Sarin, R., Hick, J., Livinski, A., Nieratko, J., Treber, M., Mazurek, A., . . . Goralnick, E. (2019). Disaster Medicine: A Comprehensive Review of the Literature From 2016. Disaster Medicine and Public Health Preparedness, 13(5-6), 946-957. doi:10.1017/dmp.2019.18
(Well, it's hard to define, hard to research, hard to apply the research, and it needs more research. How's that?)
Context: Researchers teamed up from the Society of Academic Emergency Medicine, The National Institutes of Health, and the Office of the Assistant Secretary for Preparedness and Response - Technical Resources, Assistance Center, and Information Exchange (ASPR-TRACIE) for an annual review of the most important disaster medicine literature. Disaster management is growing in importance, interest, and professionalization. What comprises this field is one question. The authors use this helpful definition in their search: “…providing health care to disaster survivors and providing medically related disaster preparation, planning, response, and recovery support and leadership regardless of the causative hazard." The answers also help to define and describe the field (see conclusions). So if any of that is of interest to you, this objective certainly will be as well: "The question of what the most important articles are to read within one's limited time becomes important."

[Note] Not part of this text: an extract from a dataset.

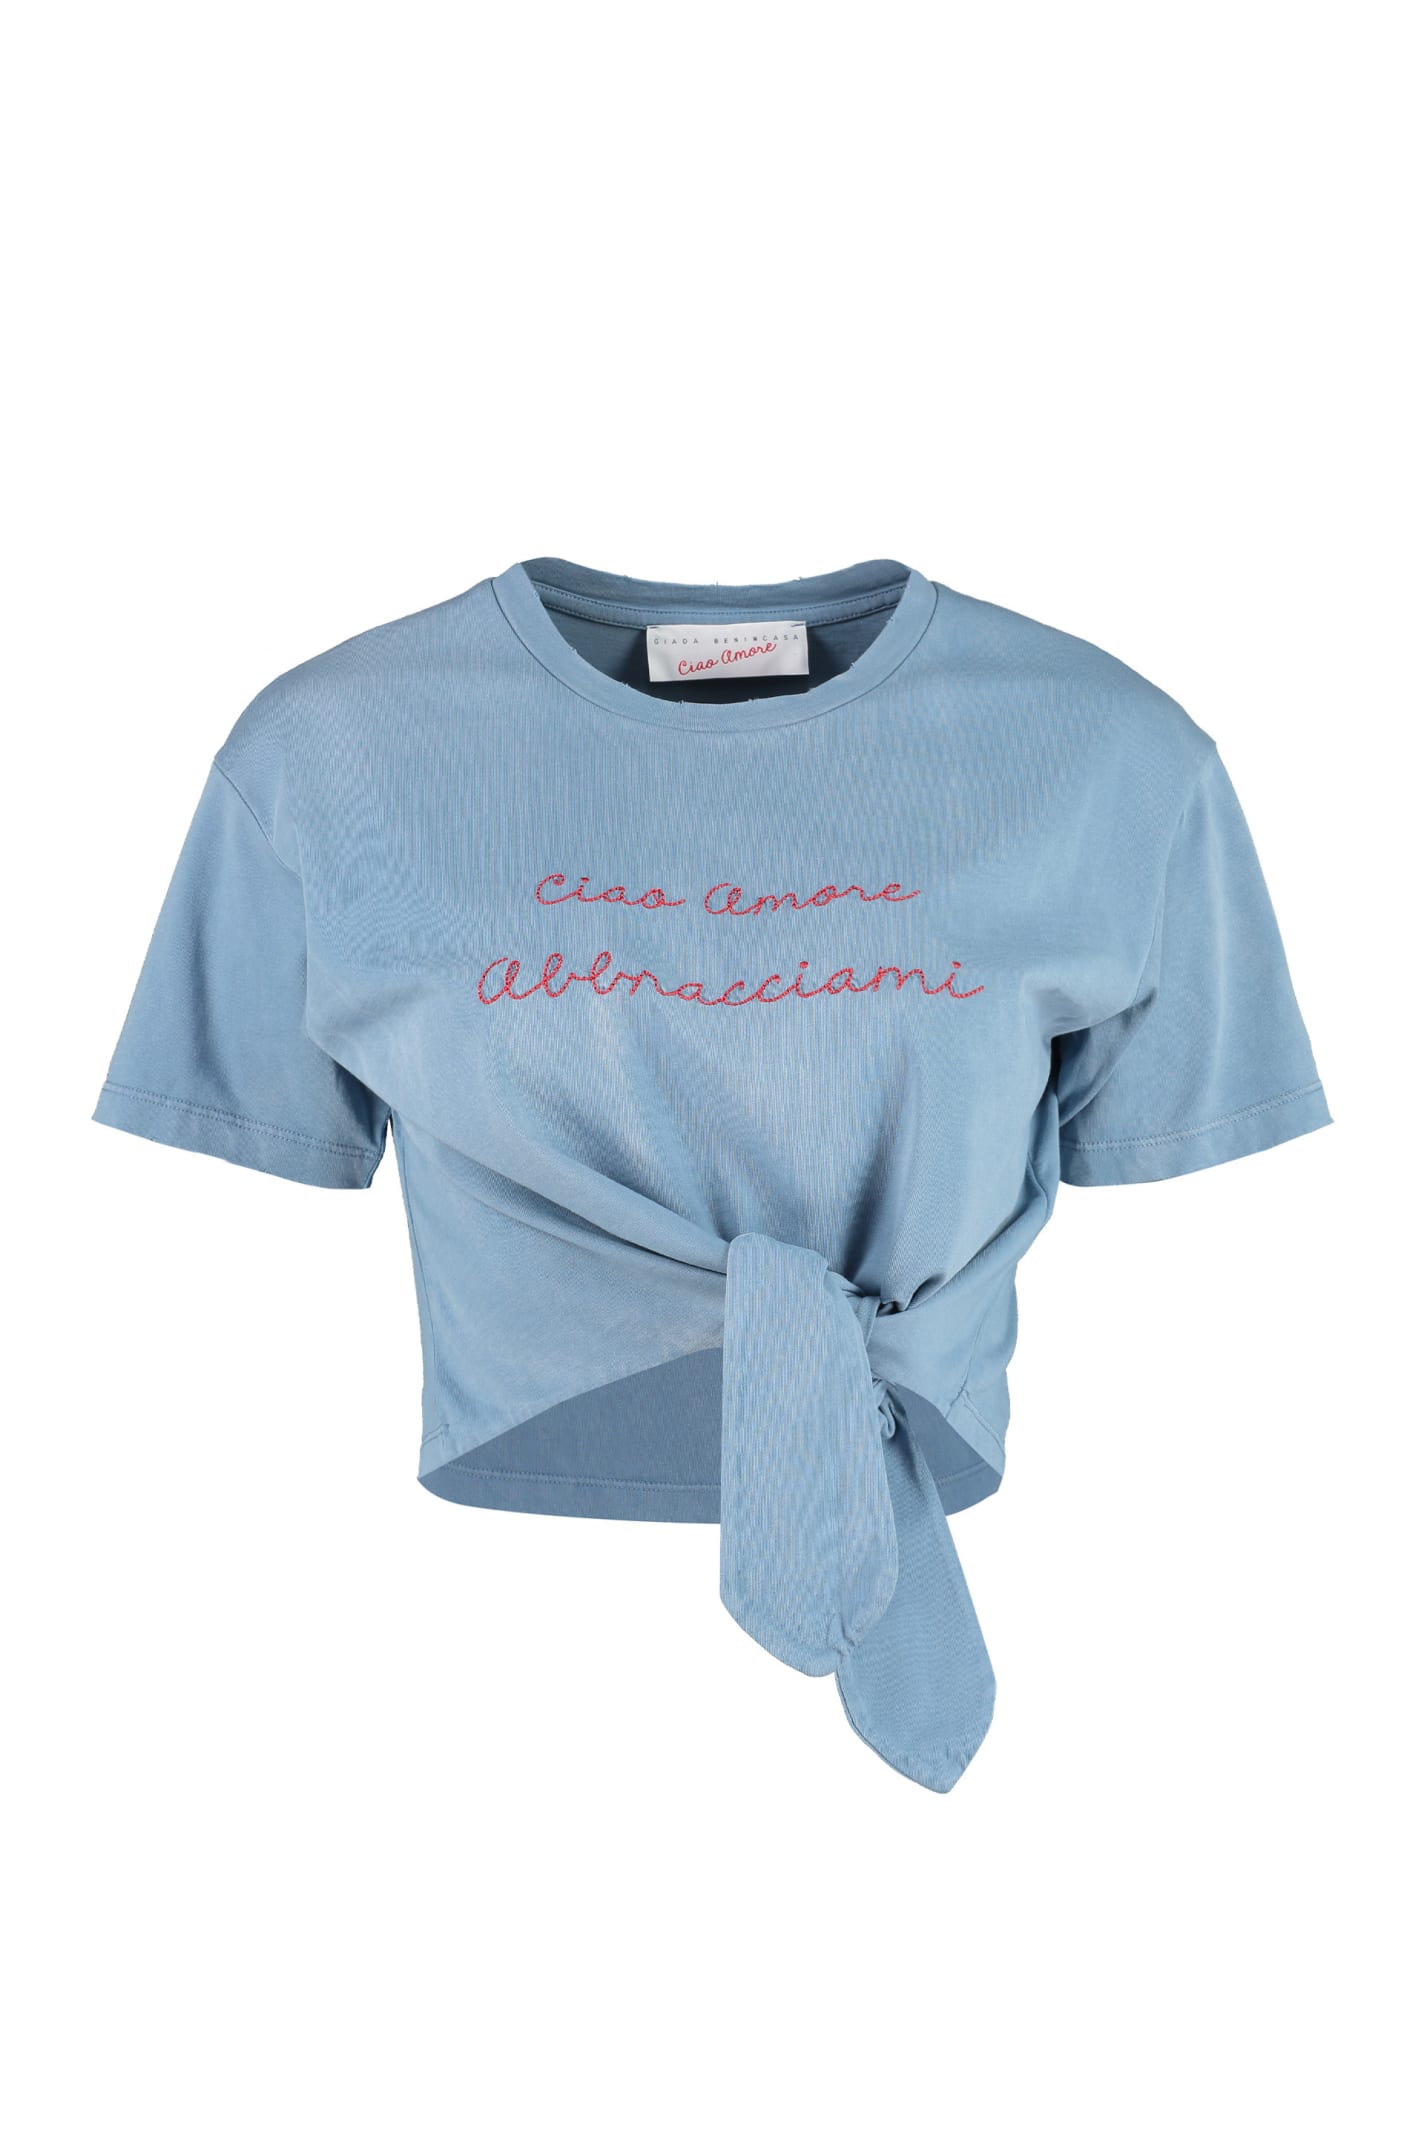 Giada Benincasa Cropped T-shirt

Methods: This is a comprehensive literature review of all major disaster and emergency medicine publications, as well as a wide body of gray literature. 1175 articles were screened, 565 had the full text reviewed, and a thorough, predetermined rating system applied to yield 18 publications in the final review.

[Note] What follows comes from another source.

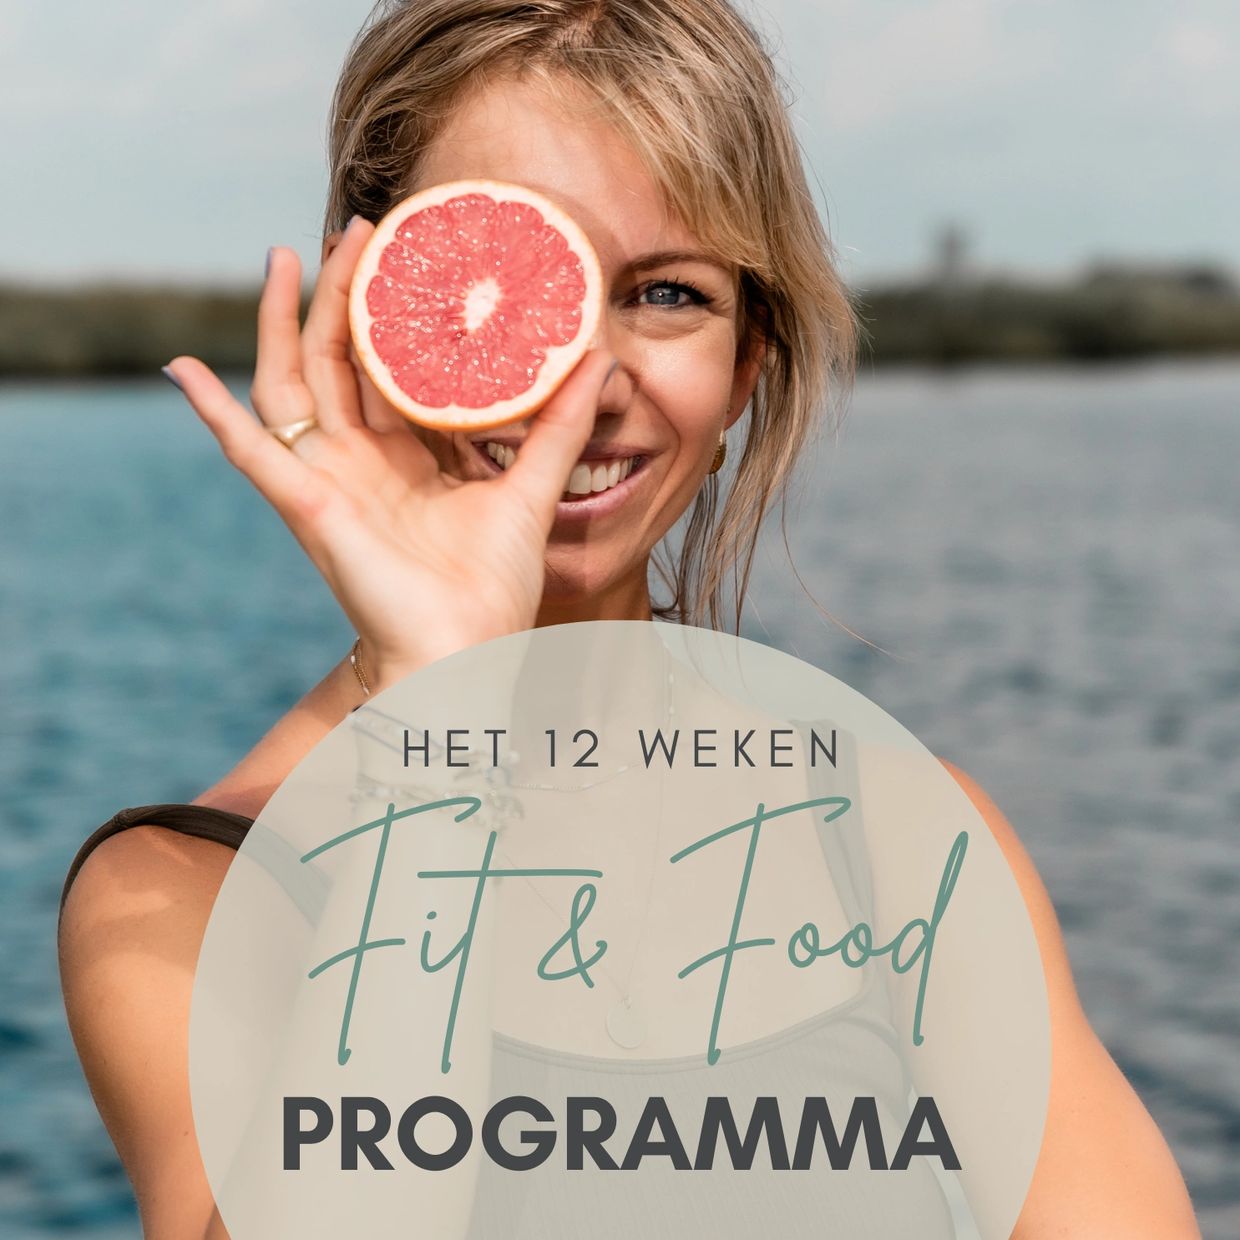 Programma van 12 weken waarbij je gepersonaliseerd voedingsadvies krijgt met behulp van een app.

Conclusions: Anecdotal, single institution reports predominated, leading the authors to conclude that, while anecdotal evidence has value, disaster research could hopefully progress to include original research "in the form of randomized controlled trials, meta-analyses, interventional studies, cohort analyses, epidemiological assessments, cost-effective analyses, and others."
Disaster medicine is broad and includes emergency medicine, emergency management, trauma care, and global medicine. The reviewed papers highlighted responses to Ebola (2 papers), mass violence (3), hurricanes (2), earthquakes (3); research frameworks (2), psychological effects (2), Emergency Department adaptation (1), regulatory changes (1), and best practices (2). The authors call for more precision in defining disaster medicine and its scope. They urged collaboration and organization in research. They suggest more standardization in education.
“In some cases, there is no substitute for descriptive learning from novel events, and a balance must be struck in the scoring systems to account for this tension between clinical value and academic rigor.”